In April, more than 50 chief information security officers called on G7 and OECD member states to address the growing divergence in cybersecurity regulatory requirements. Rules are increasingly varying from country to country and even domestically as governments respond to serious incidents.
Fragmentation complicates the operations of global companies, which must meet different obligations in different markets, even when selling the same product or service. And in today’s digital economy, that same product and service is often deployed, updated and patched from a central, often foreign, hub.
This is already a challenge for industry in established, digitally mature markets, such as the United States and European Union. In the Indo-Pacific, approaches to market regulation and absorbing cyber risks are even more nation- and culture-specific.
Australia, Japan, South Korea and Indonesia—some of the largest digital markets in the Indo-Pacific—have all updated their cybersecurity regulations in recent years. This has included strengthening data protection rules (such as Japan’s upcoming amendments to the Act of Protection of Personal Information); updating information security standards (such as amendments to South Korea’s Network Act); tightening oversight over critical infrastructure providers (such as Australia’s Security of Critical Infrastructure Act) and introducing inaugural rules (as with Indonesia’s Cybersecurity and Resilience Bill).
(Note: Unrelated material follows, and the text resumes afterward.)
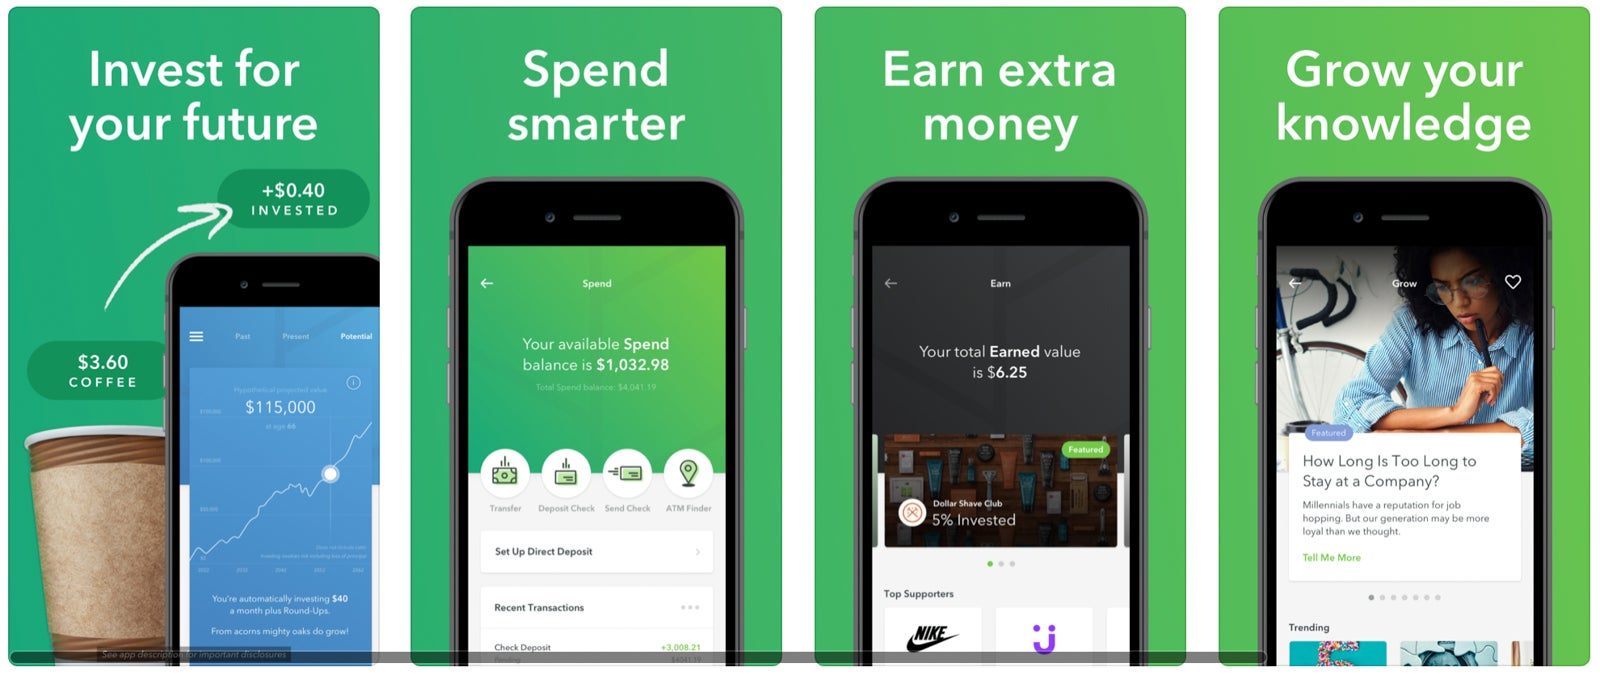 Discover the Best Investment App: Acorns - Invest Spare Change
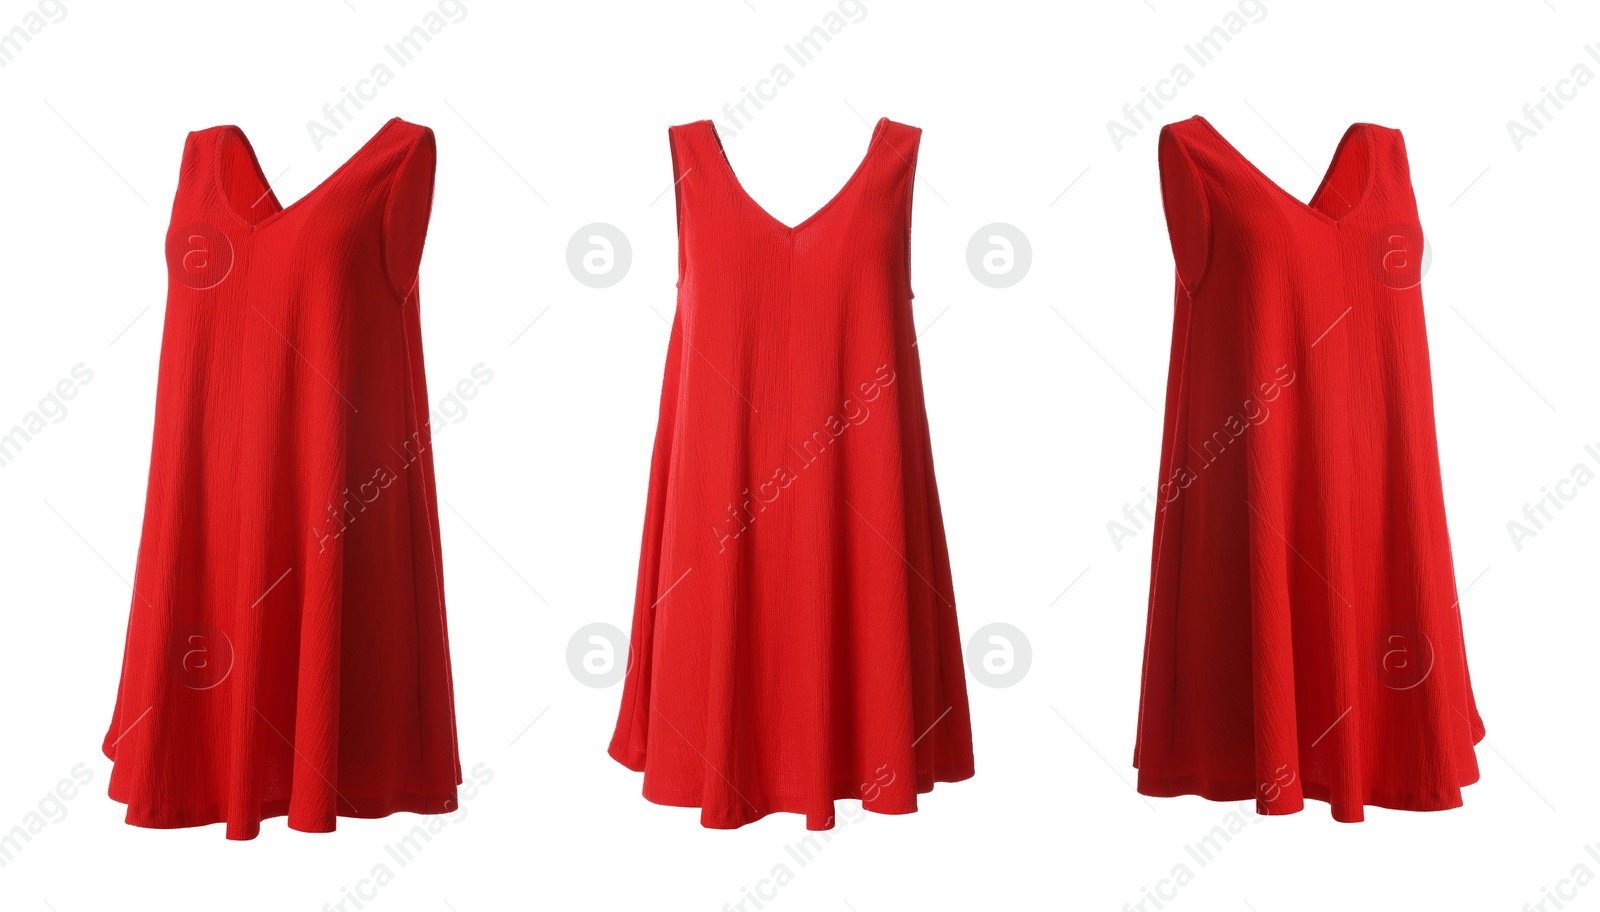 Image of Set of beautiful short red dresses from different views on white background

Overall, the issue isn’t so much contradiction in legislative or regulatory texts. The four nations broadly require the same types of controls, including penetration testing, patch management, plans for incident response and business continuity, and security training for personnel. The issue is the variances that emerge as regulators implement and enforce rules due to unequal institutional capabilities and differing cultures of technology governance.
As Ravi Nayyar argued in The Strategist, such fragmentation is a strategic vulnerability. It exposes the highly interdependent networks and markets of the Indo-Pacific to lags in vulnerability disclosures, effective incident responses and remediation.
Arguably, Australia now has a tight-knit, synchronised and robust latticework of cyber legislation. Effective implementation, however, hinges on robust inter-agency coordination and the ability of regulated entities, when in the eye of a storm, to navigate potentially differing requirements, reporting lines and guidance from multiple sources. Those sources include the Australian Cyber Security Centre, the Cyber and Infrastructure Security Centre, Australian Prudential Regulation Authority and the Information Commissioner. High-profile breaches, such as the Qantas breach revealed this month, demonstrate that a complex legal regime doesn’t automatically equate to operational resilience.
Japan has tightened information security controls, including through a strengthened mandate for the National Center of Incident Readiness and Strategy for Cybersecurity. At the same time, the Japanese system relies on a high level of trust that government puts in private entities, most of which are Japanese, to observe good practices and uphold a communal sense of responsibility. Japan’s approach to cybersecurity must be considered alongside its Society 5.0 philosophy—a full convergence of information and communications technologies with physical life to overcome an aging population and innovation inertia.
In South Korea, the government exercises a high degree of control through laws and regulations as well as the national security and intelligence apparatus. The Korea Internet and Security Agency, for instance, is a single authority in charge of incident response, domain name management, threat intelligence, privacy and data protection, and information security certification. South Korea’s approach of positive regulation requires operators, vendors and service providers to obtain explicit permission before deploying activities, products and services.
Indonesia has an ambitious agenda to strengthen governance and regulation of cybersecurity, but lacks capacity. Legislation and regulation follow, rather than precede, action by the executive. For instance, the National Cyber and Crypto Agency was established, with an all-encompassing mandate, in 2018 by presidential decree in the absence of a national cyber strategy or cybersecurity legislation. In 2019, Parliament chose not to consider the draft legislation, and a draft bill has only this year been included on the legislative agenda. Consequently, regulatory enforcement is incidental, reactionary and subject to selective application of laws, such as the Electronic Information and Transactions law.
It’s not clear whether international regulatory fragmentation can be reversed. Across the Indo-Pacific, cybersecurity has become an issue of national security. That implies that imposed compliance obligations towards the private sector are not merely one of national risk management based on technical advice but inherently political and geo-economic.
At this year’s Raisina Dialogue, Indian Minister of External Affairs S Jashankar declared that ‘the world today makes business decisions, factoring in national security in a manner in which it did not do so before, especially in the digital era’ and that ‘all countries are not the same and the digital era will bring out that differential more sharply’.
Domestic and regional manifestations of fragmentation have several consequences. Technical efficiency is impeded by compliance burdens and coordination failures. Innovation is undermined by regulatory complexity and restrictive processes. Trust, essential for commercial and technology partnerships, is weakened by inconsistent application of standards and perceived capability gaps linked to national regulatory choices.
This permits chief executives and information security officers to ask their governments: how much of the geopolitical risk premium are you asking us to pay?
This article is a delivered as part of ASPI’s partnership with Microsoft investigating the nature and consequences of regulatory fragmentation with respect to cyber resilience in the Indo-Pacific. The opinions are the author’s.